> [TASK ITEM]: Starting with the line below that holds "Комплект картриджів для" and stopping after the line that holds "慶陽市一名19歲女生遭到班主任猥褻,在投訴無門後選擇跳樓。(大紀元合成圖)", transcribe the lines exactly, leaving out all pictures.

> [PROVIDED ENTRIES]:
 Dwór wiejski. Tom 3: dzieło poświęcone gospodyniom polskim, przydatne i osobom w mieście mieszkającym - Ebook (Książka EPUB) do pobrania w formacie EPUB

==

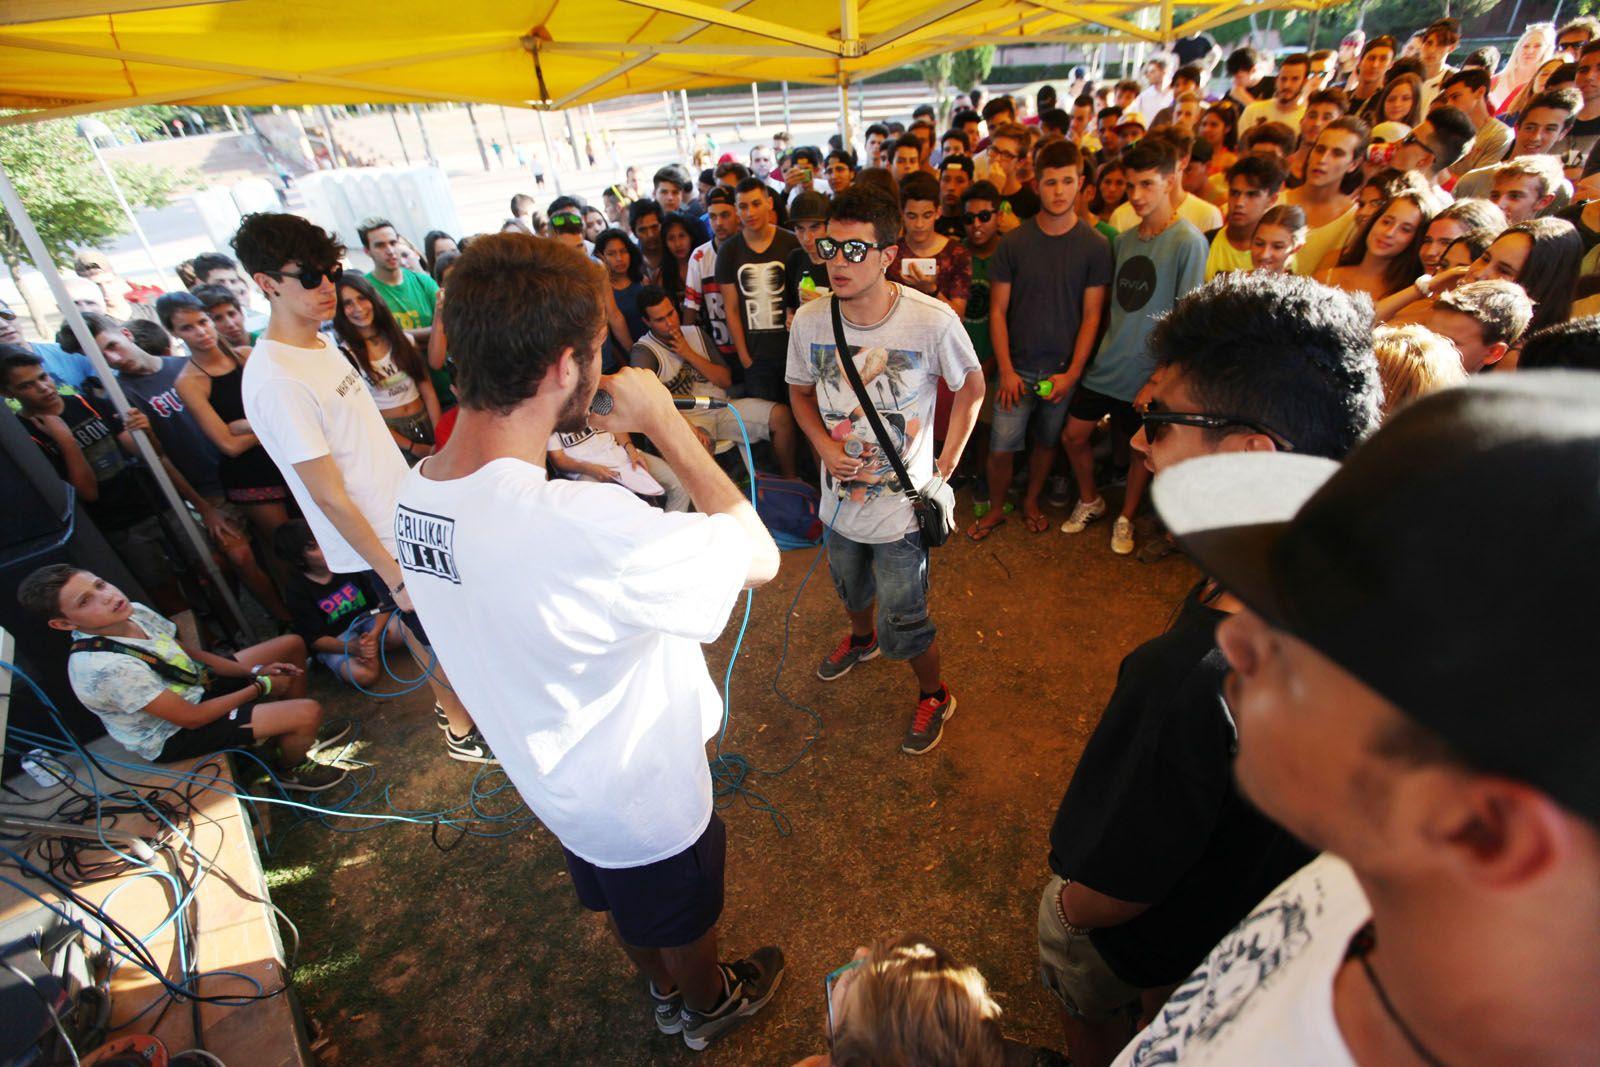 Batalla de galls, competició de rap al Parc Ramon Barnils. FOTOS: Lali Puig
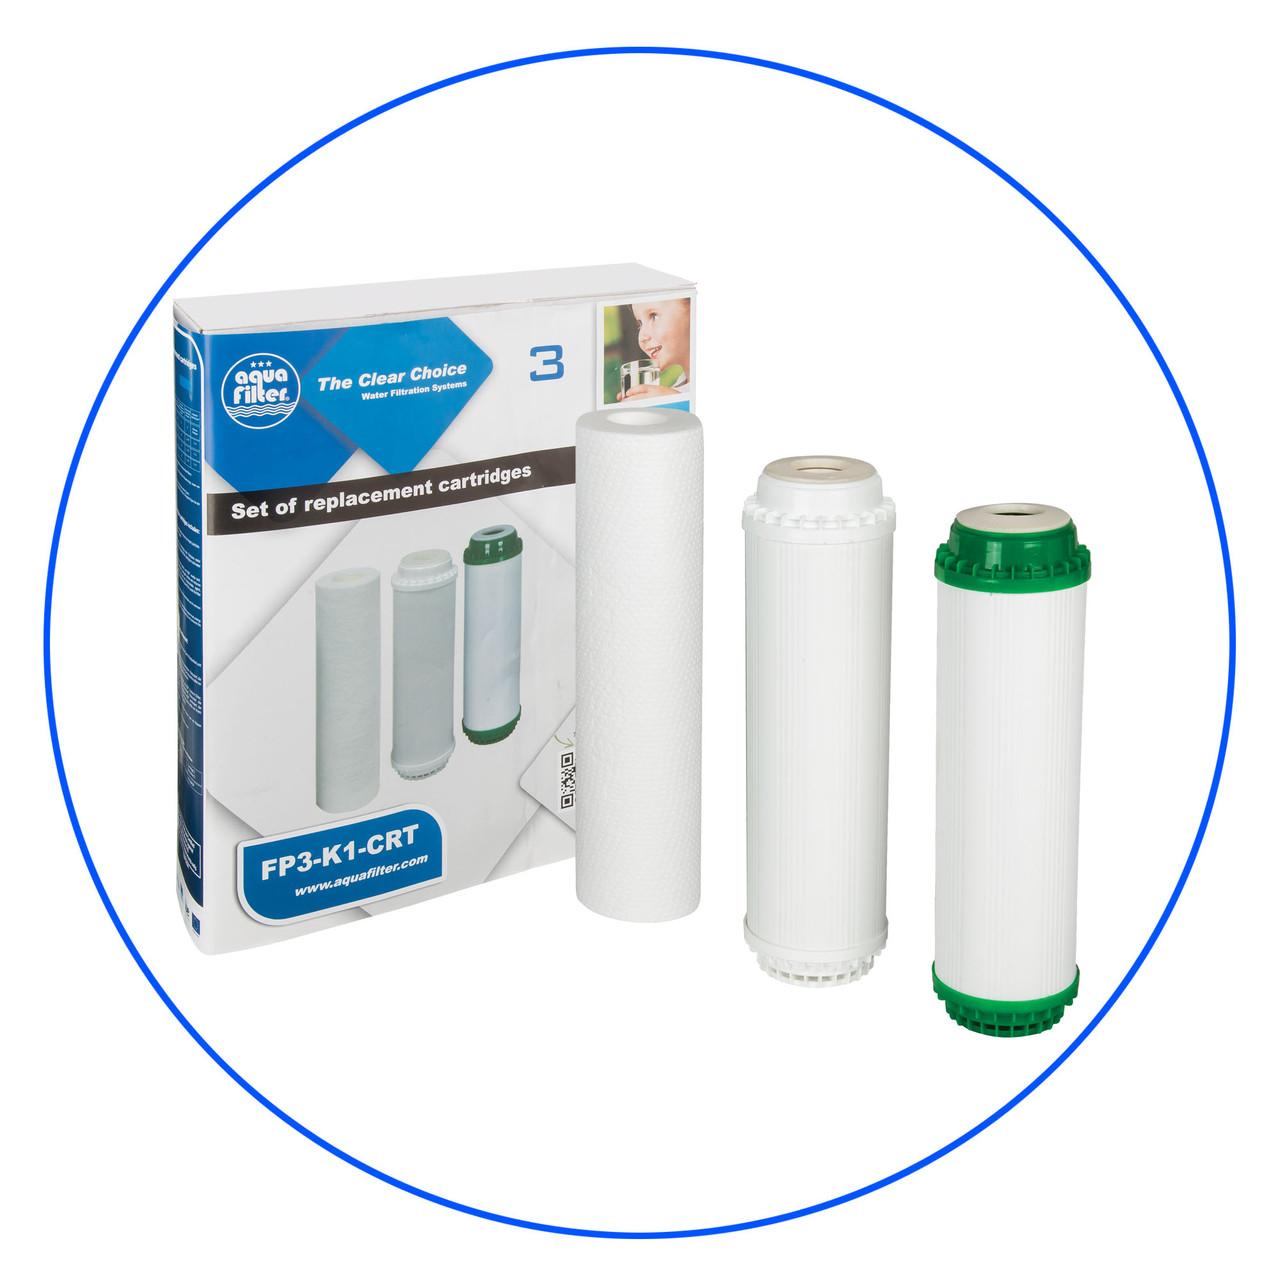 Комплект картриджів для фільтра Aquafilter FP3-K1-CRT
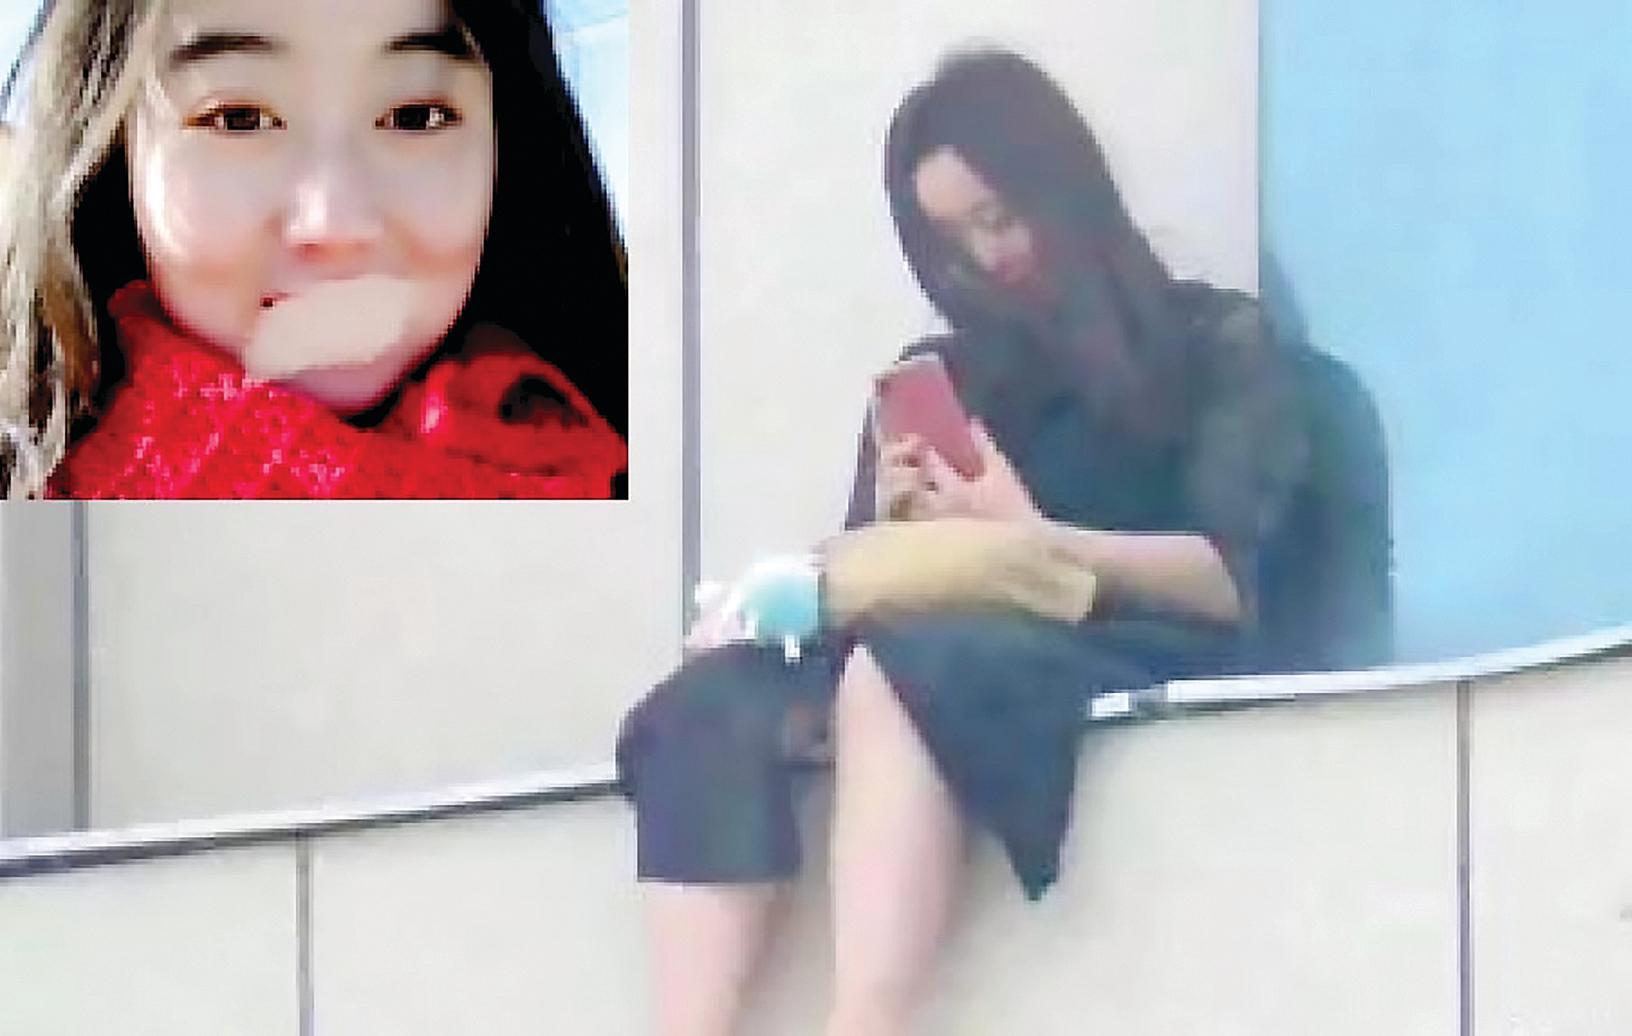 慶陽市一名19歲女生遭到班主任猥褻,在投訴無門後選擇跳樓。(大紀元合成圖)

> [ANSWER TO THIS PROBLEM]:
 Комплект картриджів для фільтра Aquafilter FP3-K1-CRT
 慶陽市一名19歲女生遭到班主任猥褻,在投訴無門後選擇跳樓。(大紀元合成圖)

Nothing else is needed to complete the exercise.